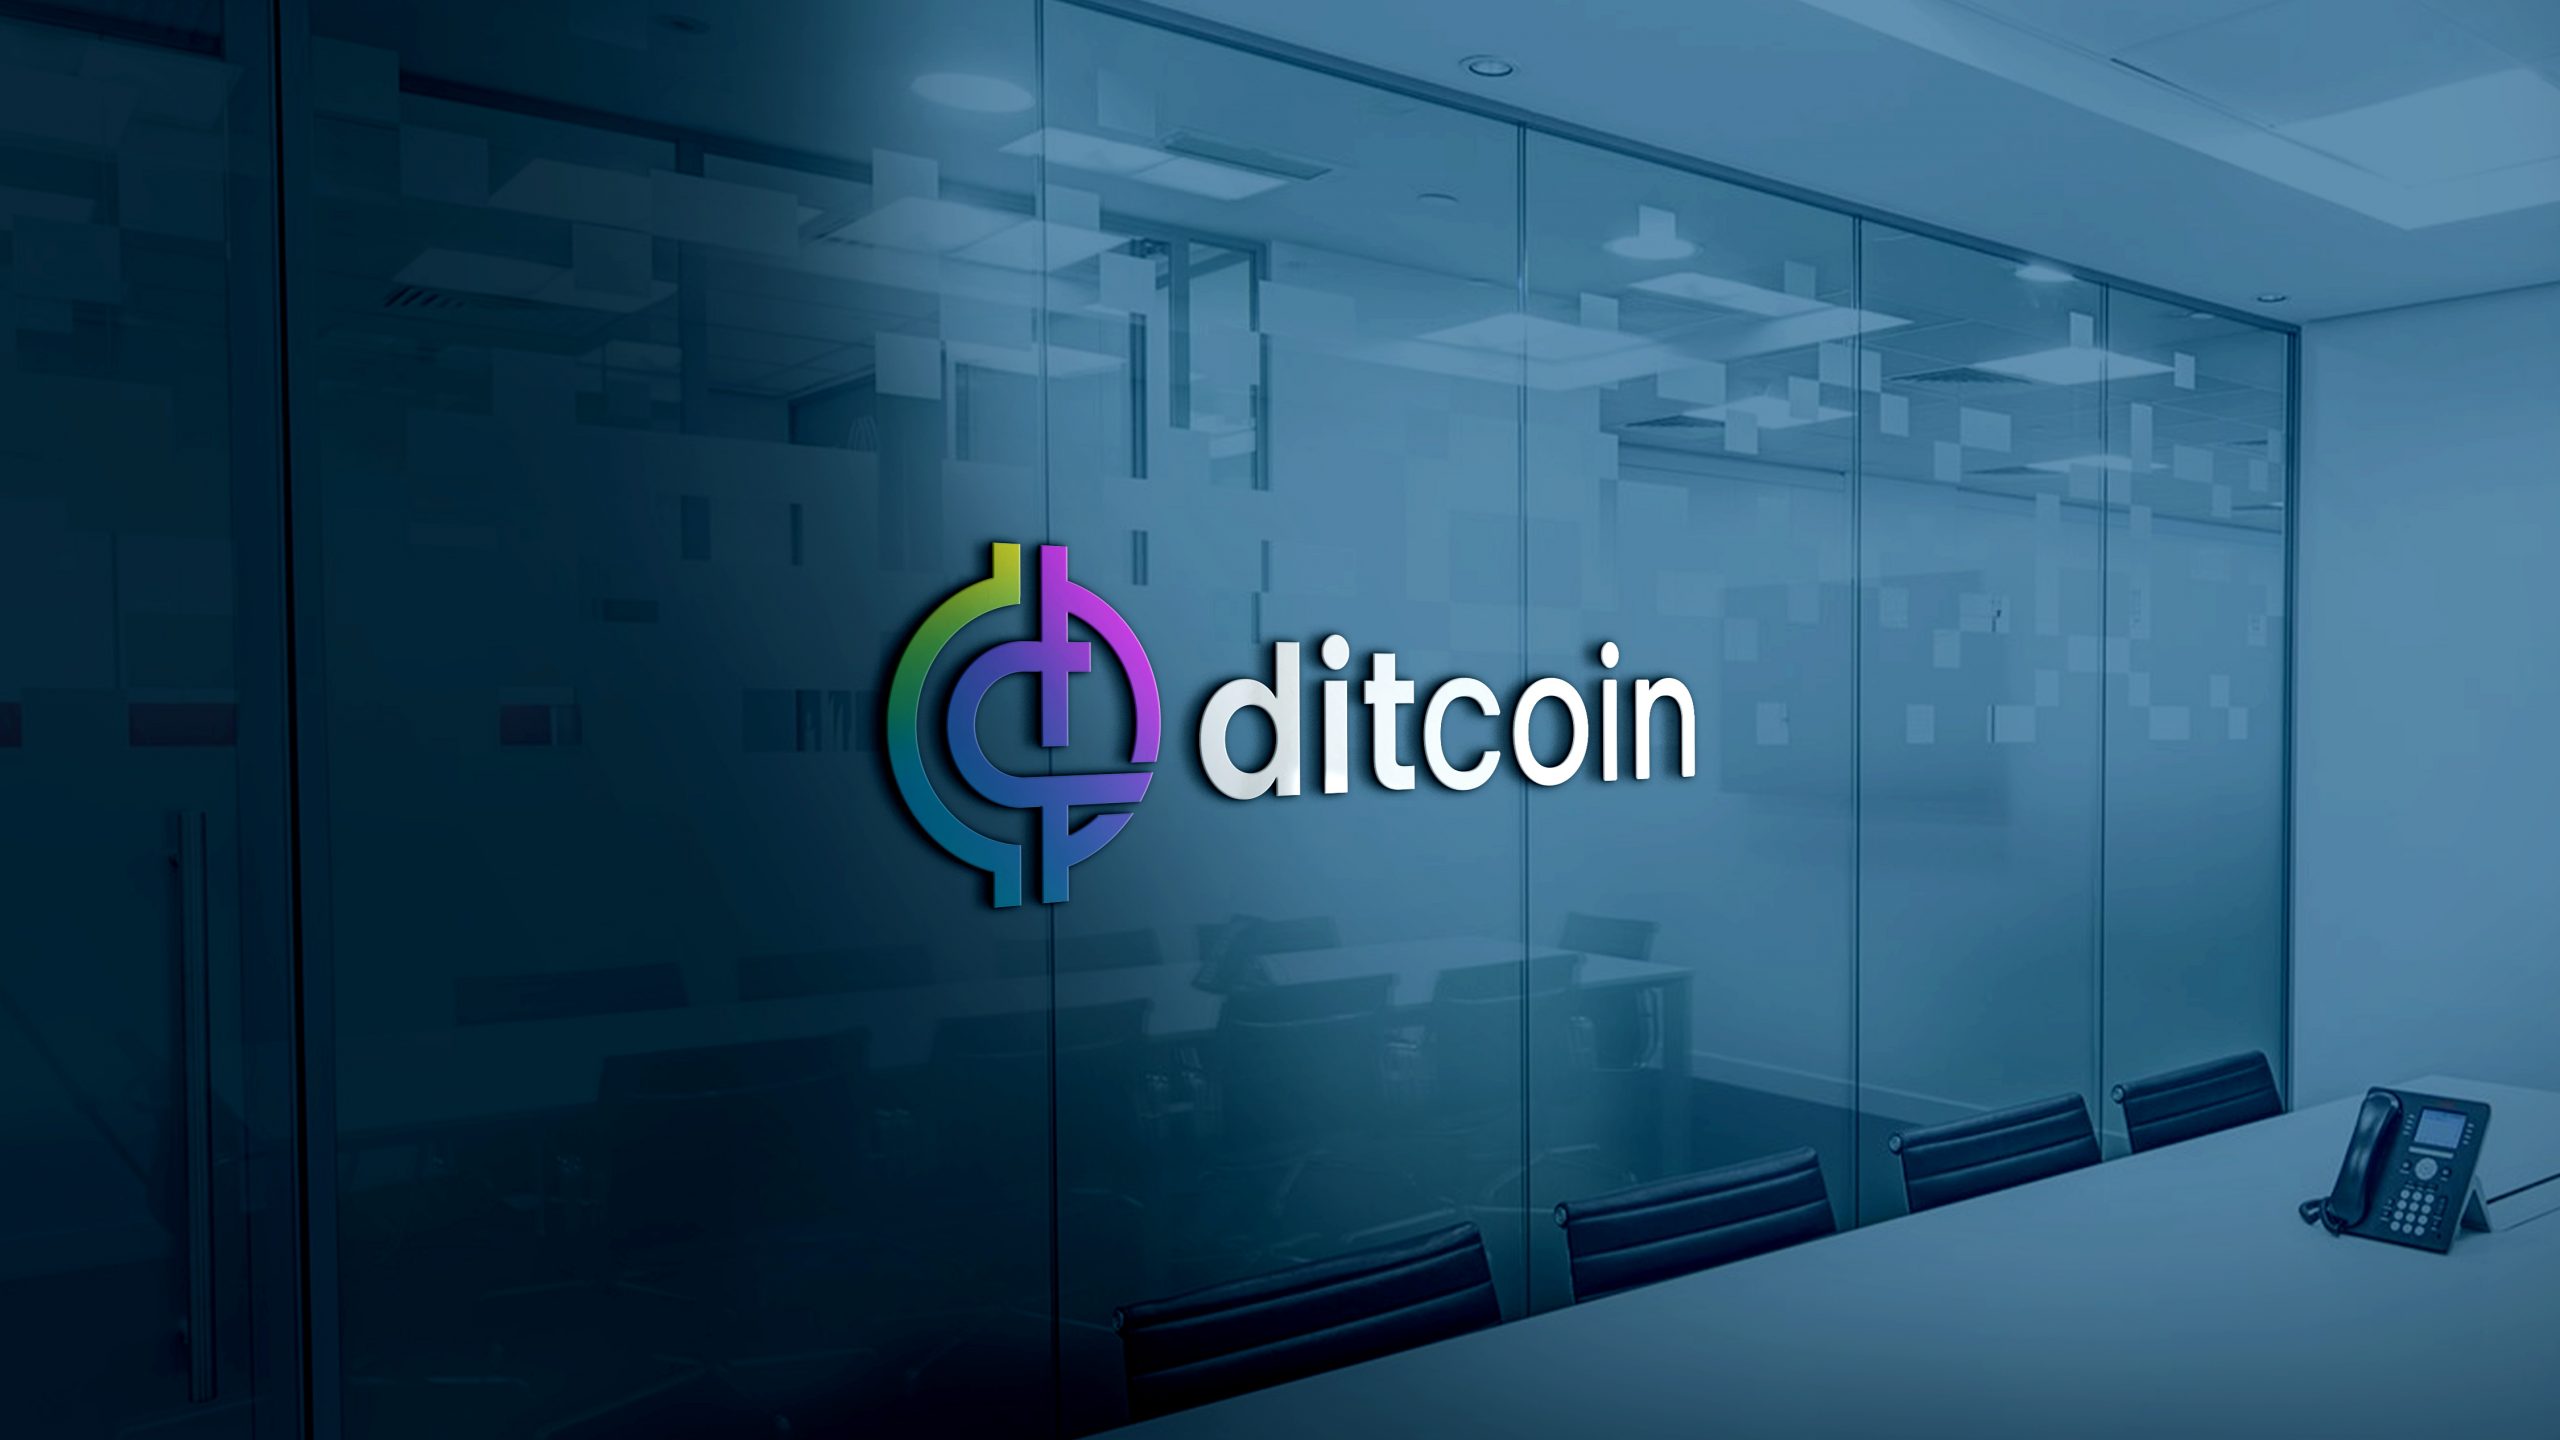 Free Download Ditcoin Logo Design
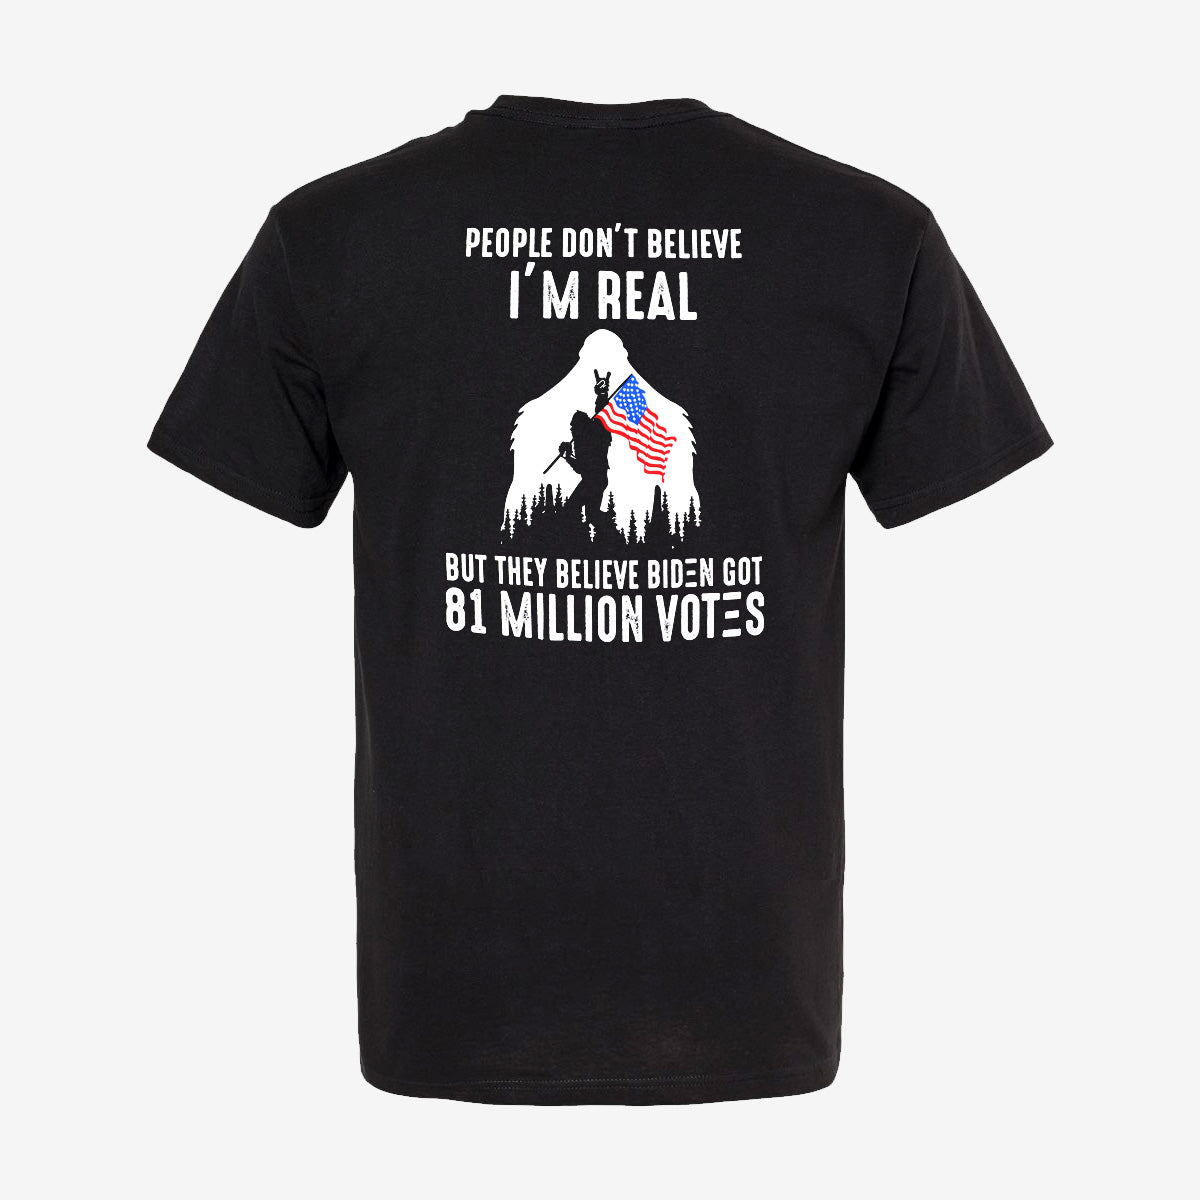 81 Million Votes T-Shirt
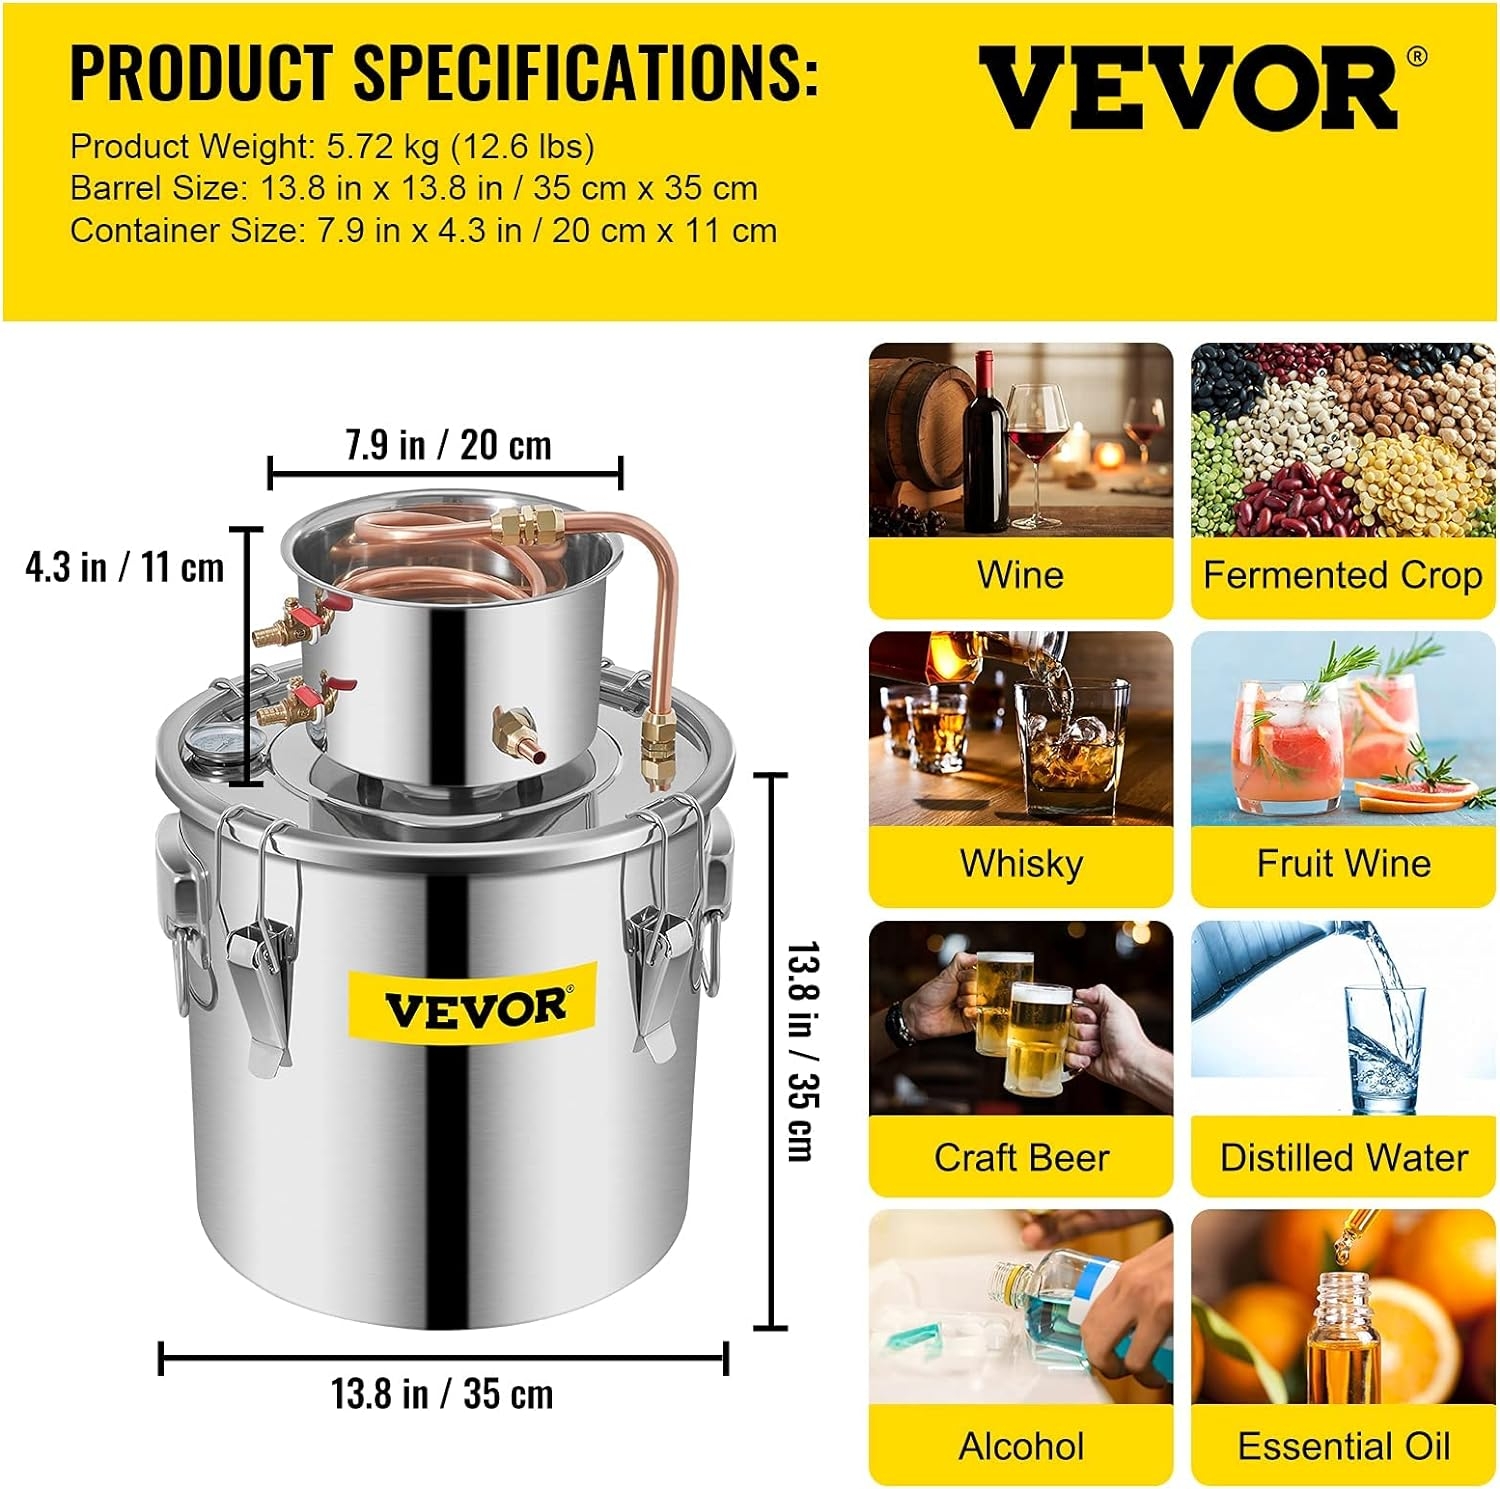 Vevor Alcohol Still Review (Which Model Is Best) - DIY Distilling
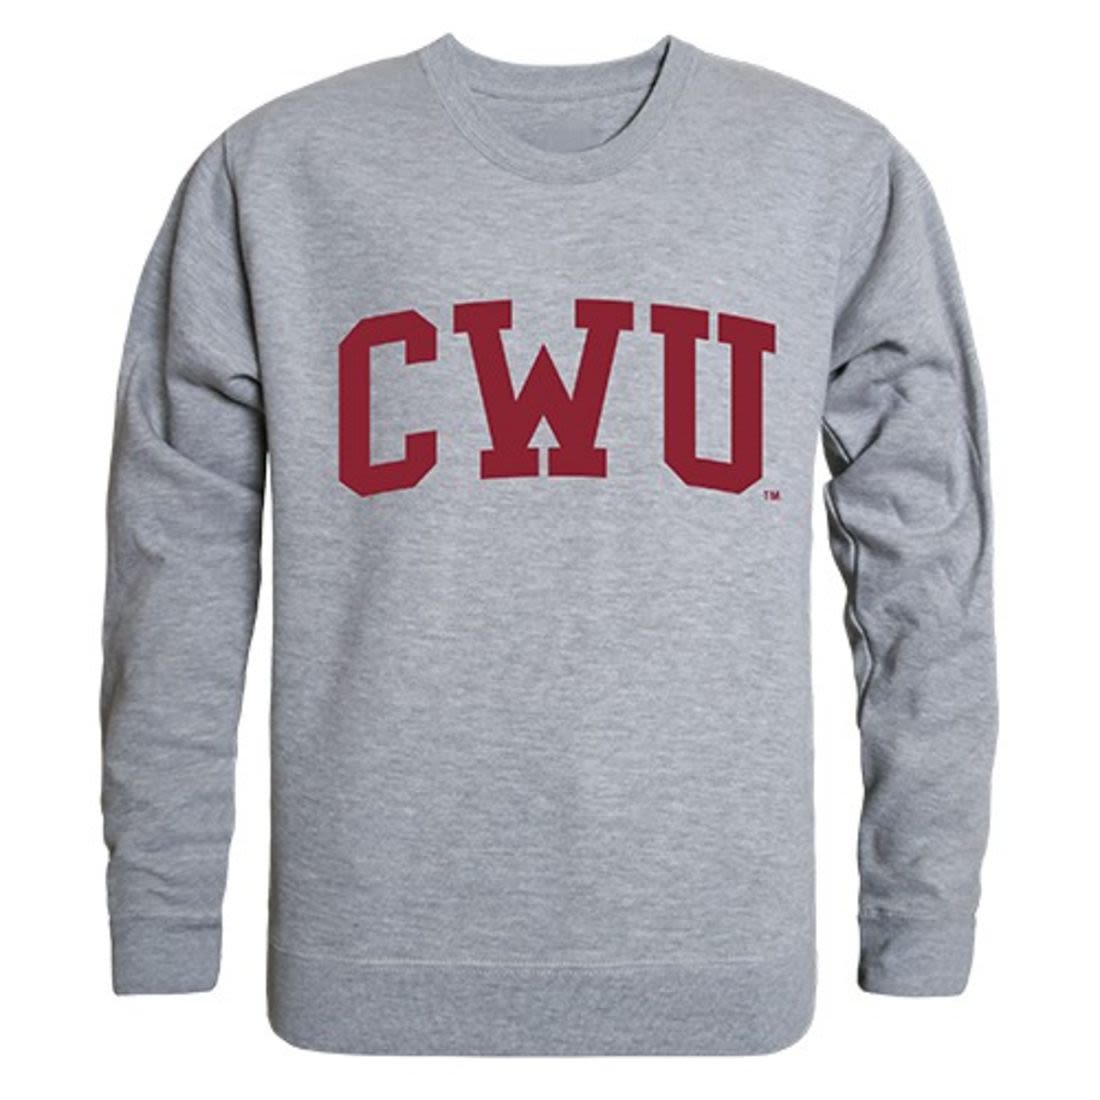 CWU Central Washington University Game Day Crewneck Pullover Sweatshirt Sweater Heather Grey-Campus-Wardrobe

Task item
Every line above is to be given again exactly, apart from the pictures.

Result for this exercise
 Free Download Ditcoin Logo Design
 81 Million Votes T-Shirt
 Vevor Alcohol Still Review (Which Model Is Best) - DIY Distilling
 CWU Central Washington University Game Day Crewneck Pullover Sweatshirt Sweater Heather Grey-Campus-Wardrobe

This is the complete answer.